**What the task asks:**
The response must be the exact lines from the one that contains "Kochani, zapraszamy Was" through the end of the material, with no pictures and no additional lines.

**Data section:**

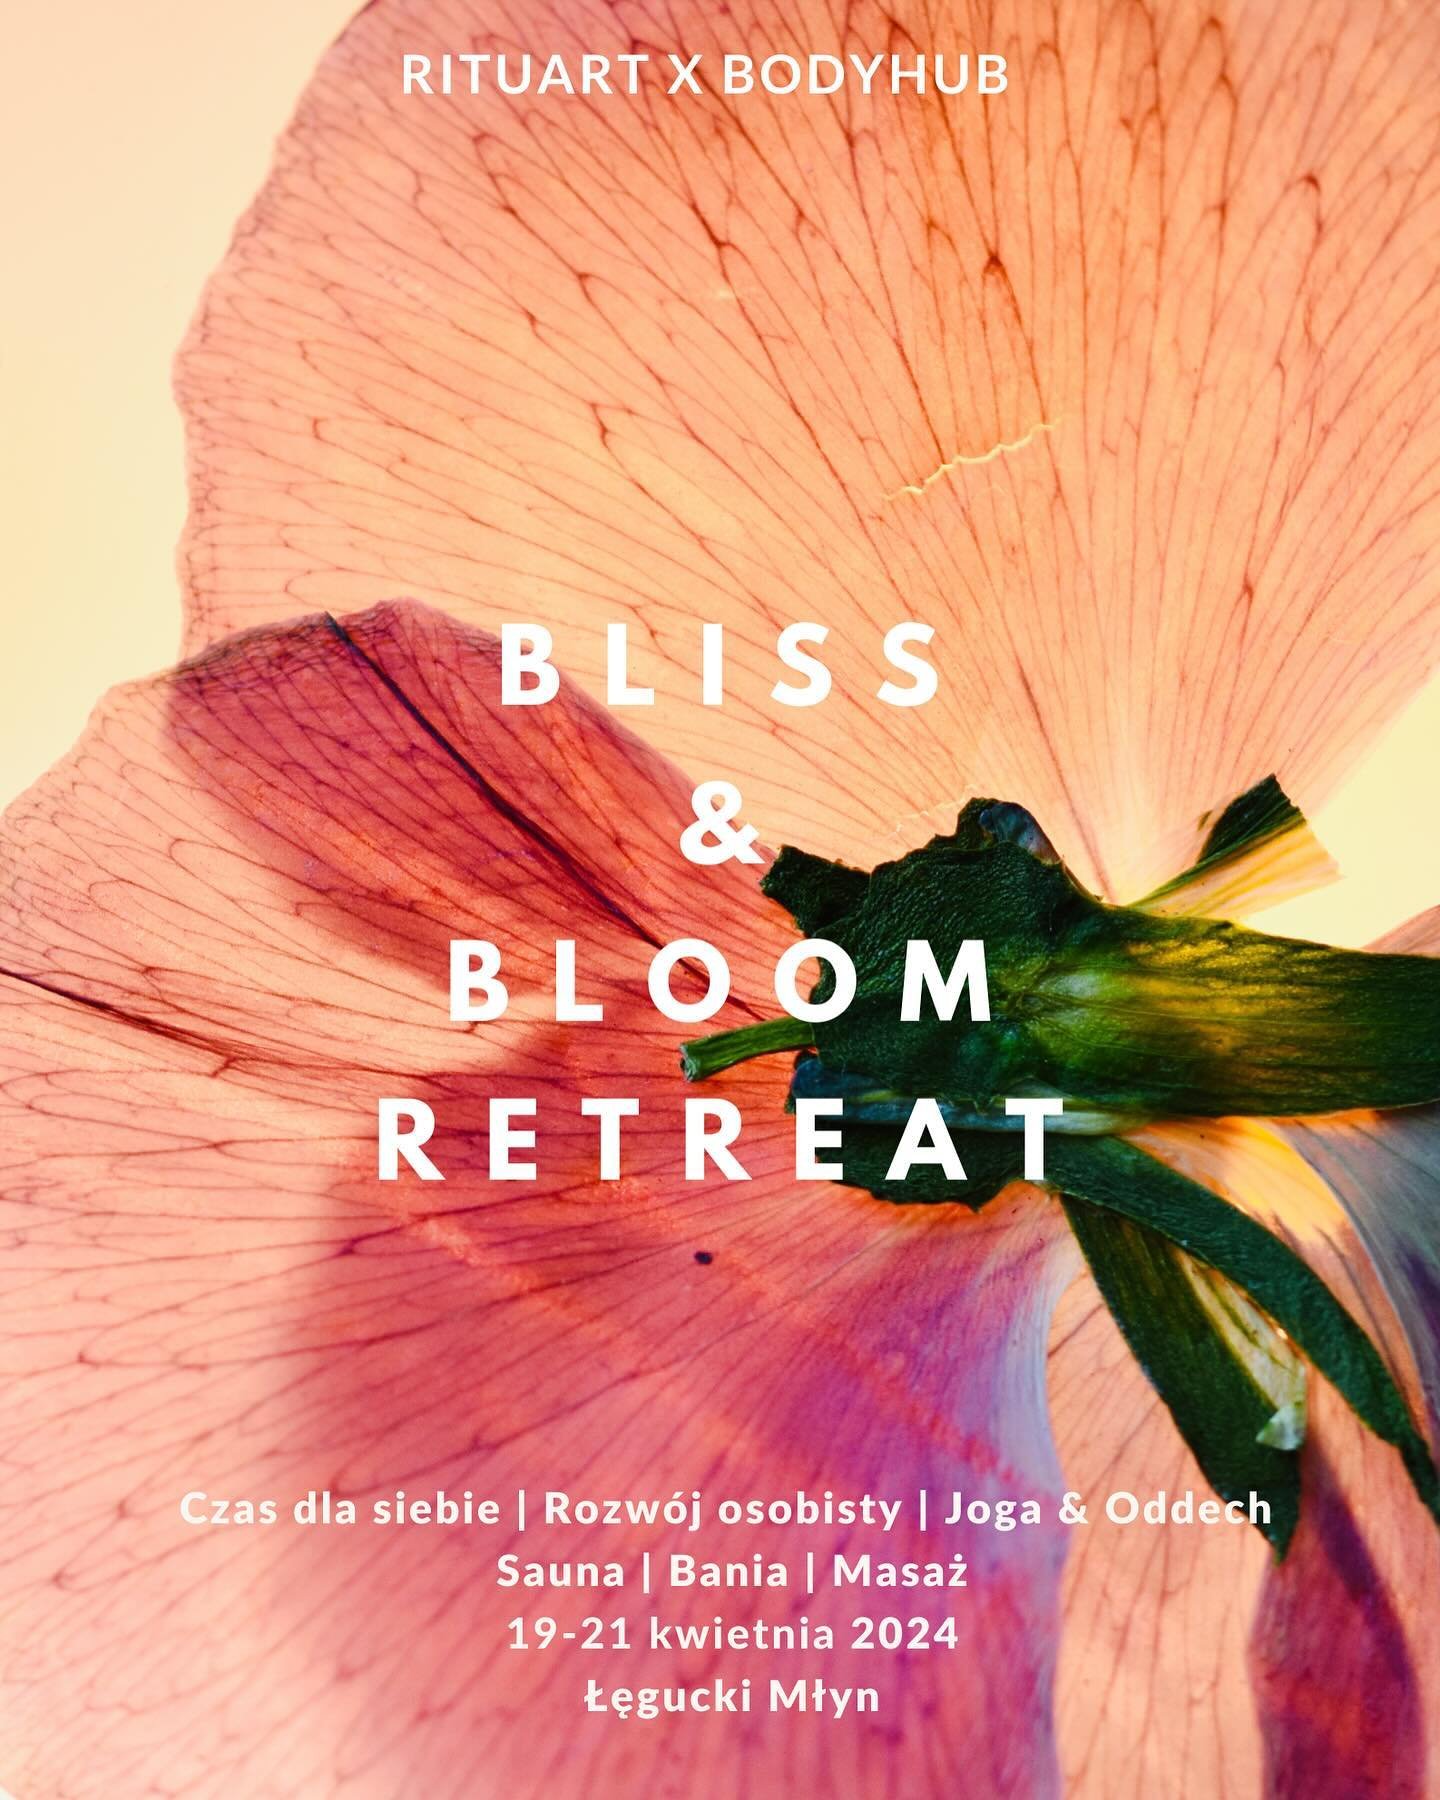 19-21 kwietnia 2024 🌷 Bliss &amp; Bloom Retreat | Łęgucki Młyn

Kochani, zapraszamy Was na wiosenną edycję naszego wyjazdu tworzoną przez @rituart_concept &amp; @bodyhubofficial w wyjątkowym miejscu na Mazurach w @leguckimlyn . Będzie to już 3 edycj
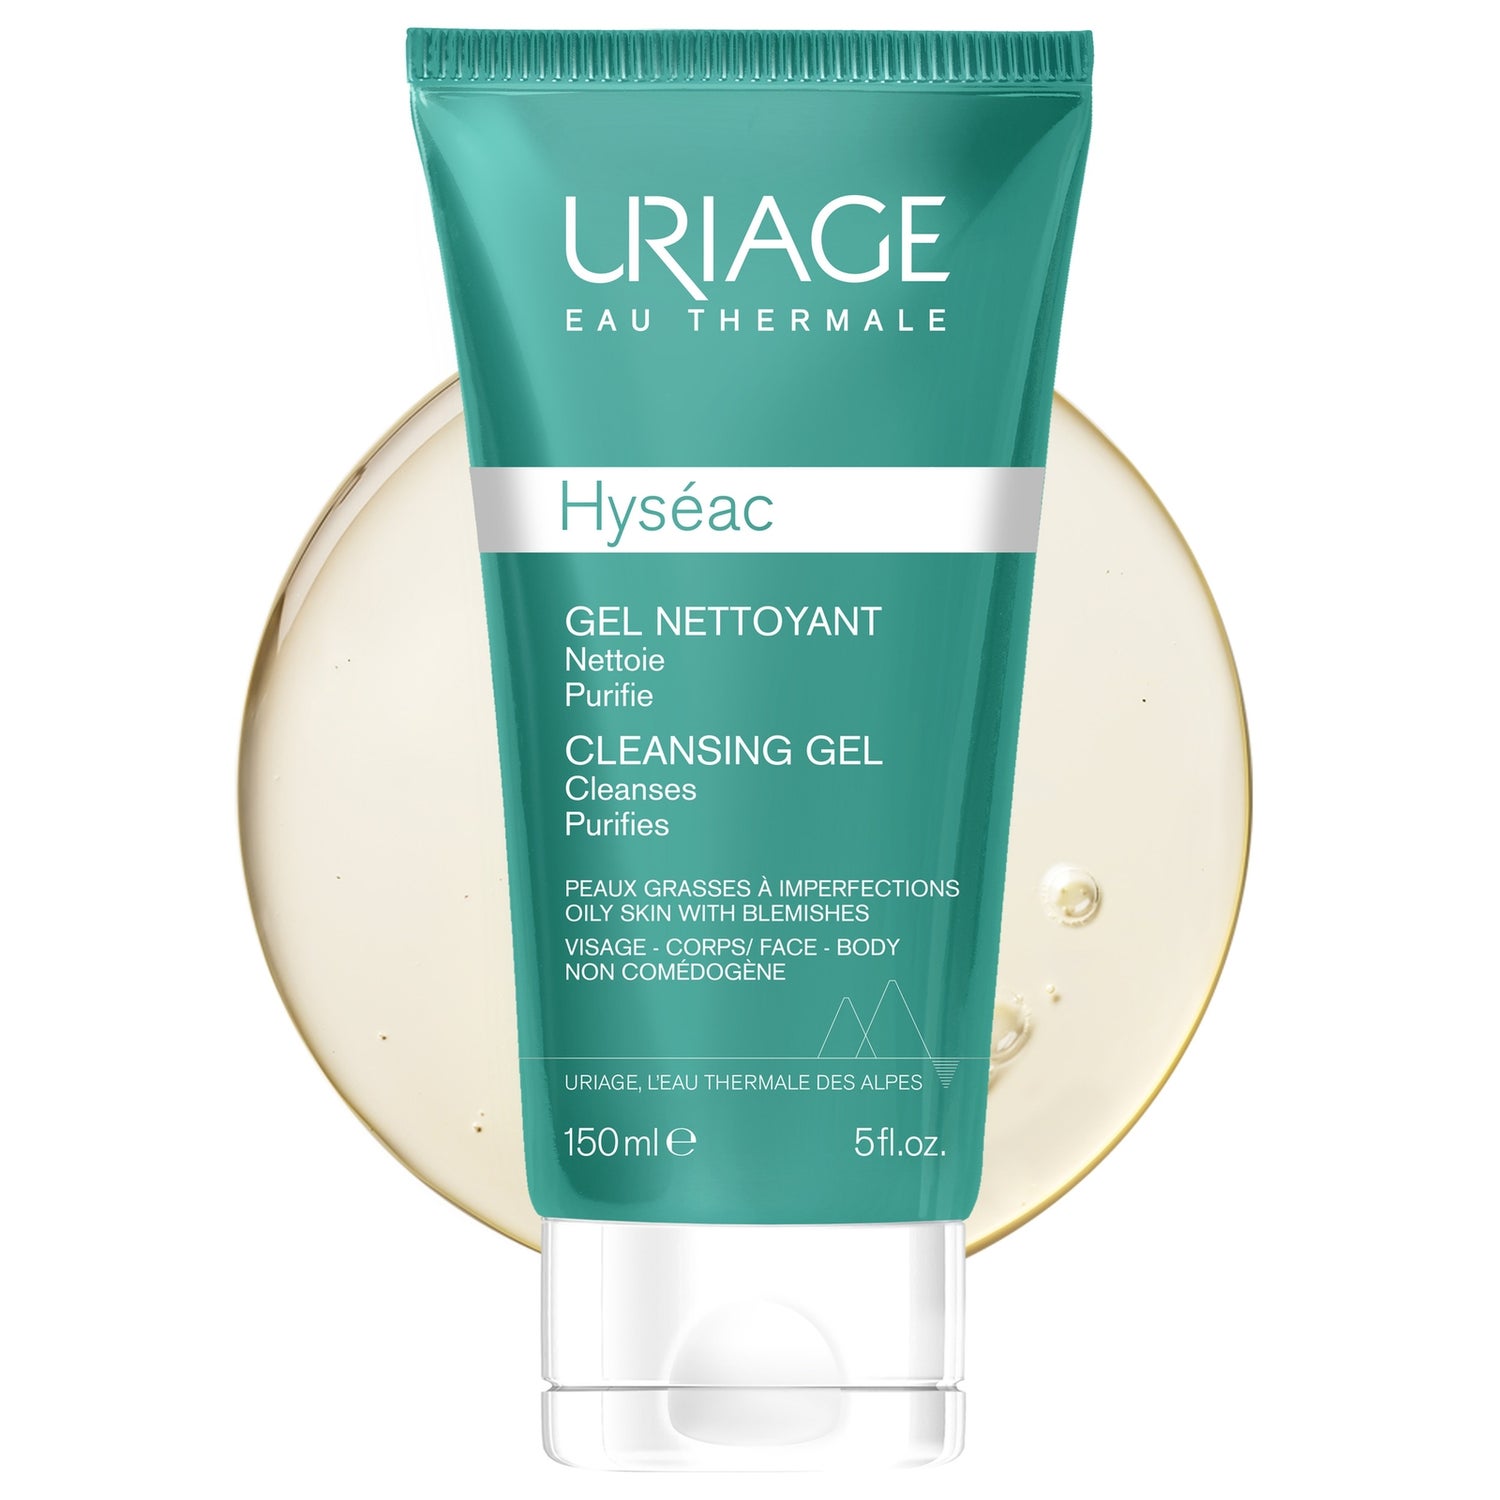 URIAGE Hyseac Cleansing Gel 5 fl.oz

**Answer:**
Kochani, zapraszamy Was na wiosenną edycję naszego wyjazdu tworzoną przez @rituart_concept &amp; @bodyhubofficial w wyjątkowym miejscu na Mazurach w @leguckimlyn . Będzie to już 3 edycj
 URIAGE Hyseac Cleansing Gel 5 fl.oz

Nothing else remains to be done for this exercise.